Founded by South African native Clint Phillips, Medici raised $24 million in 2016 and is growing globally. It has launched in the U.S. and South Africa with plans to be in 20 countries by the end of 2018. In January 2018, 30 million South Africans will be invited to use Medici.
“There’s a number of companies providing a patient with a call center doc,” Phillips said. “But there’s no context or records involved. Medici allows patients to speak to their own doctor.”
Physicians like Medici, according to Phillips, because it is not actively trying to take patients from their practice but rather offer them another way to be treated. It is HIPPA compliant and provides malpractice insurance so that doctors can feel safe treating patients remotely, according to Phillips.
Currently, more than 1,000 providers in North America have downloaded the Medici app. The company’s revenue comes from charging doctors a fee for every encounter they have via the application.
Recently, Medici also made it possible for providers to connect with other providers – based on feedback from insurance companies wanting to cut down on unnecessary visits to hospitals, for example.
It recently hired the former head of products from UnderArmour “to bring global thinking and scale” to its business, according to Phillips. Medici is also piloting its app in hospitals, home health and individual practices.
“There are more and more things you can do on the app every month as we improve our roadmap,” Phillips said.

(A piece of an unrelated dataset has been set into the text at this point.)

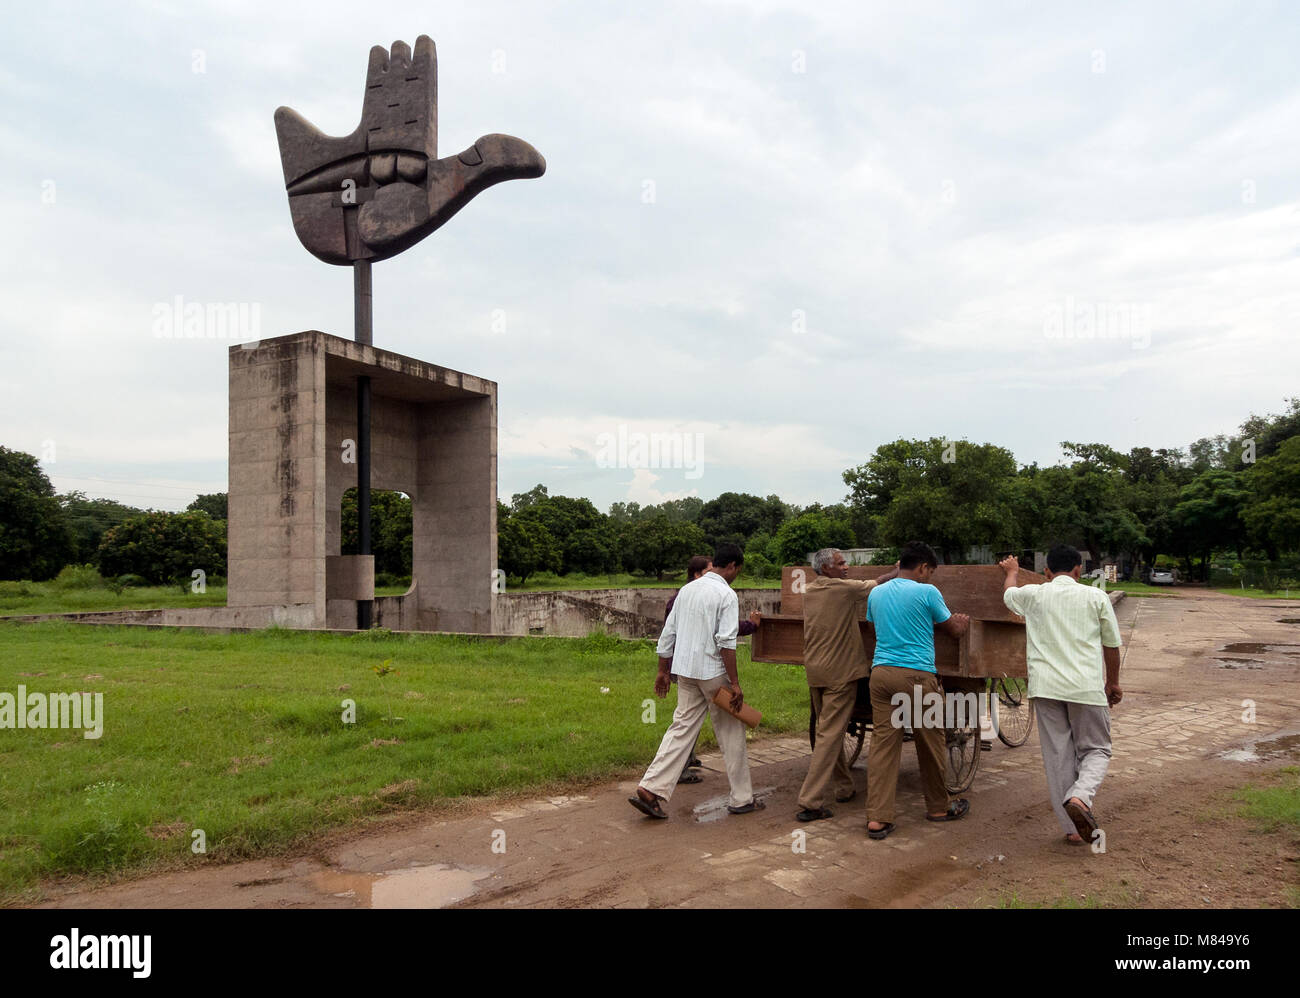 Chandigarh, India: Open Hand Monument is a symbolic structure designed by the architect Le Corbusier and located in the Capitol Complex Stock Photo

Because of advances in telemedicine, people can avoid having to drive more than an hour just to get a refill, Phillips notes. Some physicians even have the option of working from home from time to time, allowing for a more flexible schedule.
A doctor’s perspective
Dr. Tina Carroll-Scott, medical director of South Miami Children’s Clinic, said she discovered the Medici app earlier this year. When it first opened, the clinic primarily served uninsured patients in an underserved neighborhood. Eventually, Scott helped many patients get insurance so that she could help provide them with continuity of care.
But she still found that many of her patients would go a hospital emergency room to be treated after hours.

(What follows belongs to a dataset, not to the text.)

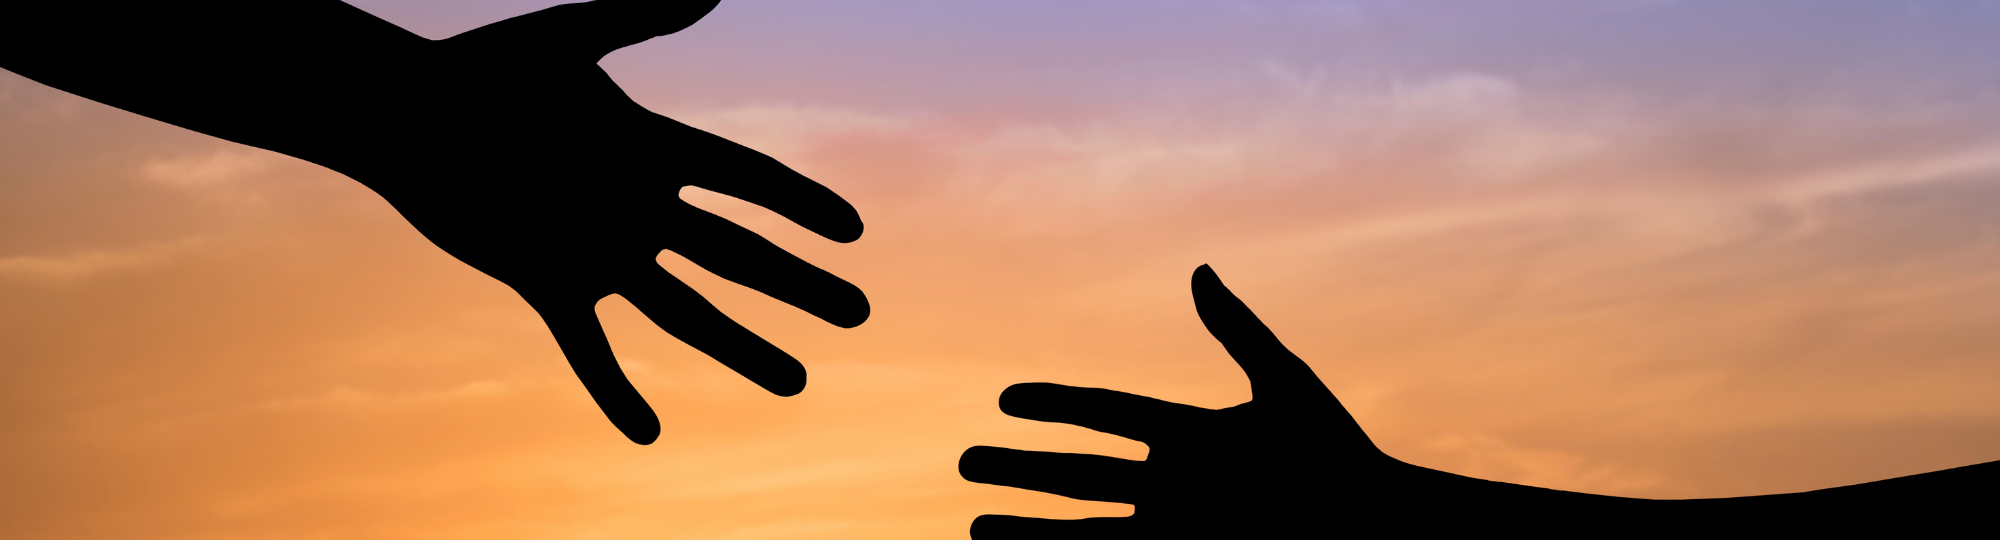 A helping hand reaches for another hand, silhouetted against a sunrise sky

“Early on, I started giving out my cell number and having people communicate with me that way,” Scott recalls. “But that wasn’t HIPPA compliant so I started researching ways to protect myself that would allow me to still provide access to them.”
That’s when she came across the Medici app.
“Now I have something safe and secure that gives them the same access I had been giving them for years,” Scott said. “It’s been wonderful and the patients are using it.”
Scott especially likes the video conferencing aspect of it because it gives her a way to see her patients at home.
“When you see them in the environment in which they live, I can glean a lot more information than I could when they just came to the office,” she said. “It’s given me additional information such as that they might not have electricity that has been very valuable in making sure they get the type of healthcare they need.”
Patients do things like upload pictures of rashes, for example, rather than going to the ER.
“I’m able to diagnose things via video so that they understand I should be their first avenue before going to an urgent care or the ER unless it’s a true emergency such as respiratory distress,” she said. “By communicating first with me via the app, I can advise them whether they need to be seen right away or if the issue can wait until the next day.”
One patient with cerebral palsy who had severe asthma was able to save a trip to the doctor by using the video conferencing capability on the app.
“I exported the visit to my electronic record,” Scot said. “And the mother didn’t have to hassle with bringing her wheelchair-bound child in. I just hope that moving forward, legislation works in our favor. We really need to move forward for getting reimbursements for physicians so more people will want to join the bandwagon.”